Но и это еще не все. В 1956 году на XX съезде партии, помимо осуждения культа личности Сталина, были внесены важные поправки во внешнеполитическую и идеологическую доктрины. Во-первых, съезд заявил, что имеется реальная возможность избежать новой мировой войны в современную эпоху. Во-вторых, было сказано, что на современном этапе революционный переход к социализму не обязательно связан с гражданской войной. Могут быть созданы условия для проведения мирным путем коренных политических и экономических преобразований. В недалеком прошлом такие теоретические новшества были бы заклеймены как откровенный ревизионизм. Теперь они открывали некоторые дополнительные возможности для борьбы за разрядку международной напряженности.

Изменилось во многом и поведение советских руководителей, они стали более открыты для контактов с иностранцами, в том числе с западными журналистами. Хрущев и его соратники начали появляться на многих приемах, в том числе в иностранных посольствах, где свободно общались с иностранцами. Западные корреспонденты, аккредитованные в то время в Москве, сегодня вспоминают о тех годах как об одном из самых насыщенных и интересных отрезков их профессиональной жизни. На недавней конференции в США, посвященной 100-летию со дня рождения Хрущева, такие видные американские журналисты, как Марвин Калб и Макс Франкель, с увлечением говорили о своем пребывании в Москве в хрущевские времена.

Что касается американских дипломатов, то ограничения на контакты и обмен мнениями с советскими руководящими деятелями исходили скорее из Вашингтона, нежели из Кремля. Чарльз Болен, который был послом США в Москве с 1953 по 1956 год, рассказывает в своих воспоминаниях о характерном эпизоде, относящемся к марту 1956 года, когда он поведал Н. А. Булганину о своем желании серьезно побеседовать с советскими руководителями. Через несколько дней Булганин ответил послу, что можно организовать неофициальную беседу на даче либо с Хрущевым, либо с любым другим советским руководящим деятелем на его выбор. Болен, как он пишет, с энтузиазмом сообщил Даллесу об этом предложении, добавив, что, по его мнению, следовало бы информировать об этом и президента Эйзенхауэра. Однако он так и не получил от государственного секретаря согласия на такую встречу.

На Западе считают, что Москва держит своих послов на коротком поводке. Однако я не могу себе представить, чтобы какому-нибудь нашему послу не было разрешено встретиться с руководителем страны, в которой он аккредитован. Более того, большинство из послов воспользовались бы возможностью встретиться, скажем, с президентом США или руководителем другого западного государства, даже не спросив разрешения из столицы.

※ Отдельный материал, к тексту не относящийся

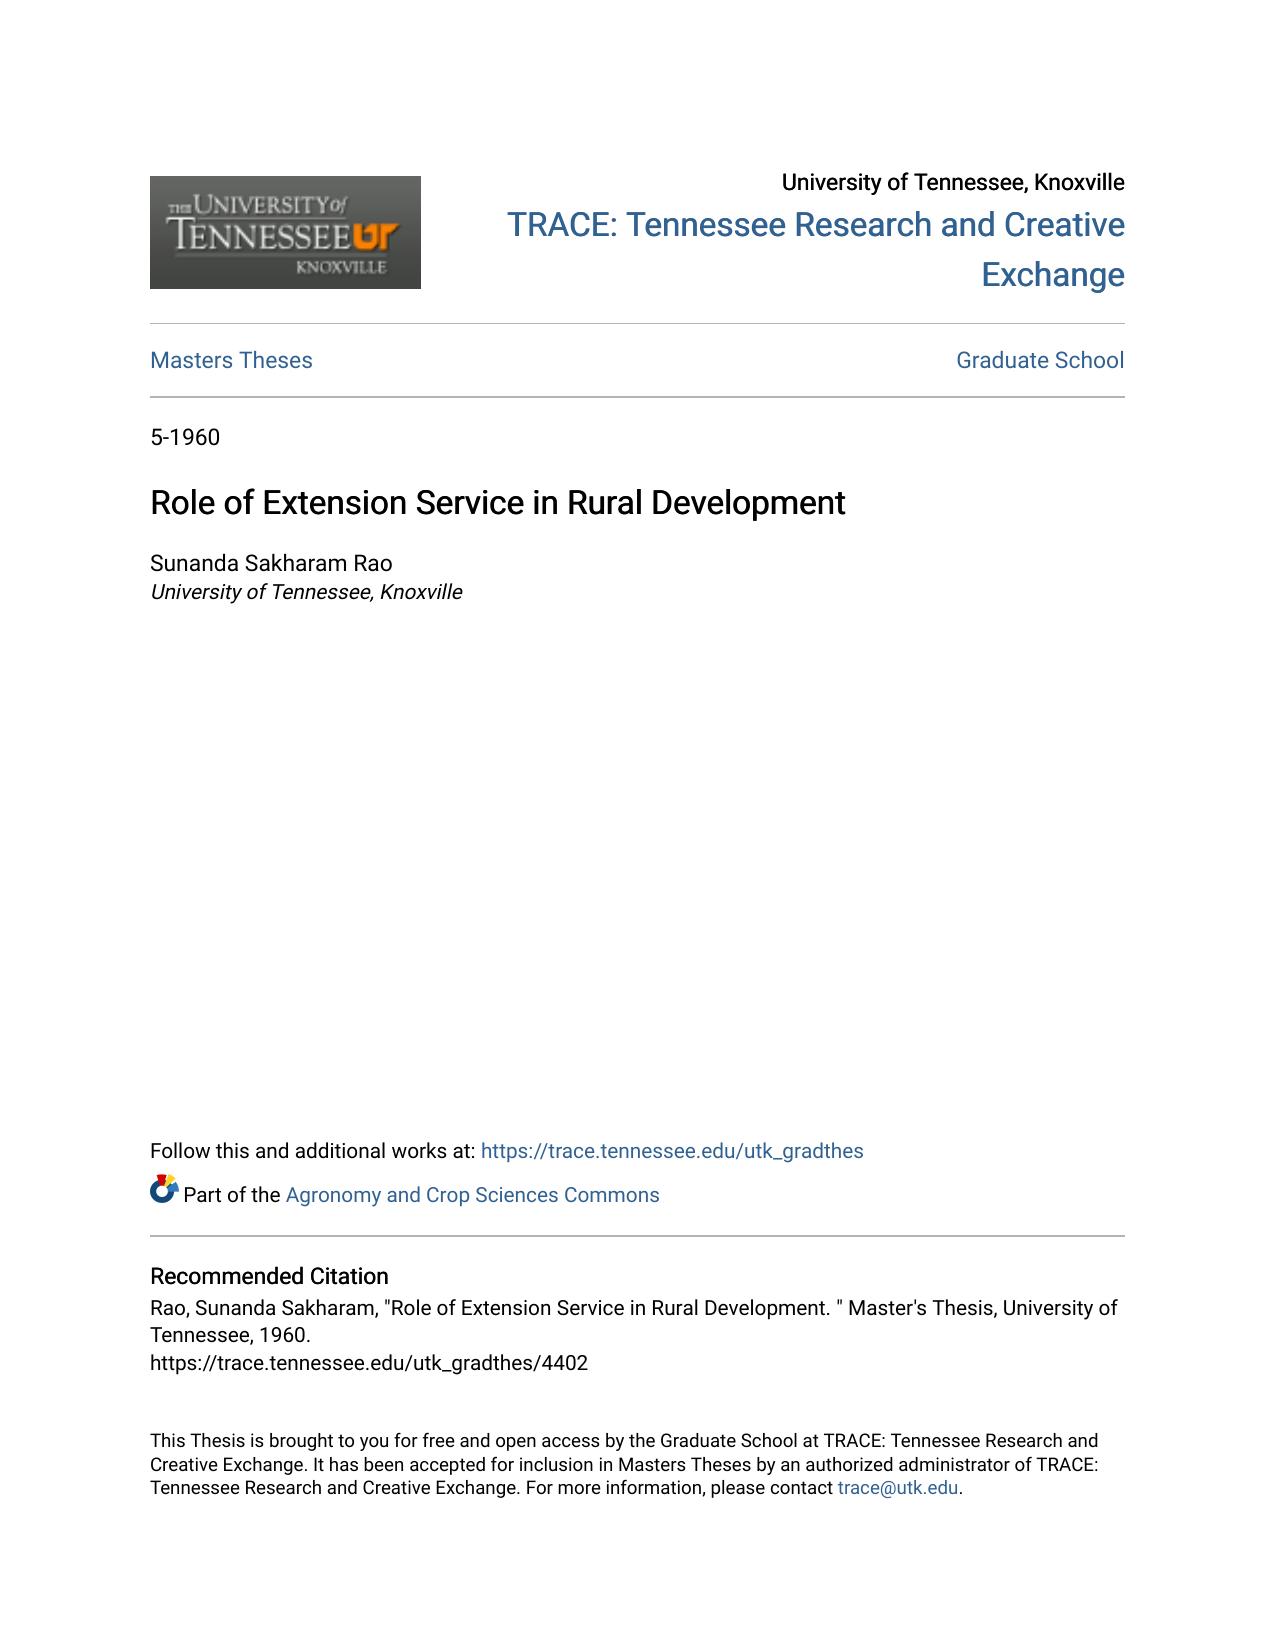 Role of Extension Service in Rural Development

Был еще один случай, связанный с Боленом. Посол Бирмы, который являлся в то время старшиной дипкорпуса, устроил обед в честь министра иностранных дел СССР, на который прибыли все послы, аккредитованные в Москве. Когда я приехал в гостиницу "Советская" чуть раньше Молотова, то увидел бирманского посла, горячо доказывающего что-то послу США. А дело было вот в чем: приехав на завтрак и узнав, что на нем будет присутствовать и посол Китайской Народной Республики, Чарльз Болен заявил, что не сможет сесть с ним за один стол! Дискуссия с хозяином ничего не дала, и американский посол уехал, в данном случае буквально несолоно хлебавши.

И дело здесь, на мой взгляд, было вовсе не в формальном запрете, исходящем из-за океана. Сплошь и рядом возникают ситуации, когда послы разных стран, не имеющих дипломатических отношений, участвуют вместе в тех или иных протокольных мероприятиях, и это никогда не служит причиной для демонстративного ухода одного из них. В данном случае, я полагаю, на посла повлияла кампания охоты на ведьм, которая в то время достигла своего апогея в Соединенных Штатах. И Болен решил просто перестраховаться, учитывая еще и то, что сенат утвердил его полномочным представителем в Москве с большой неохотой.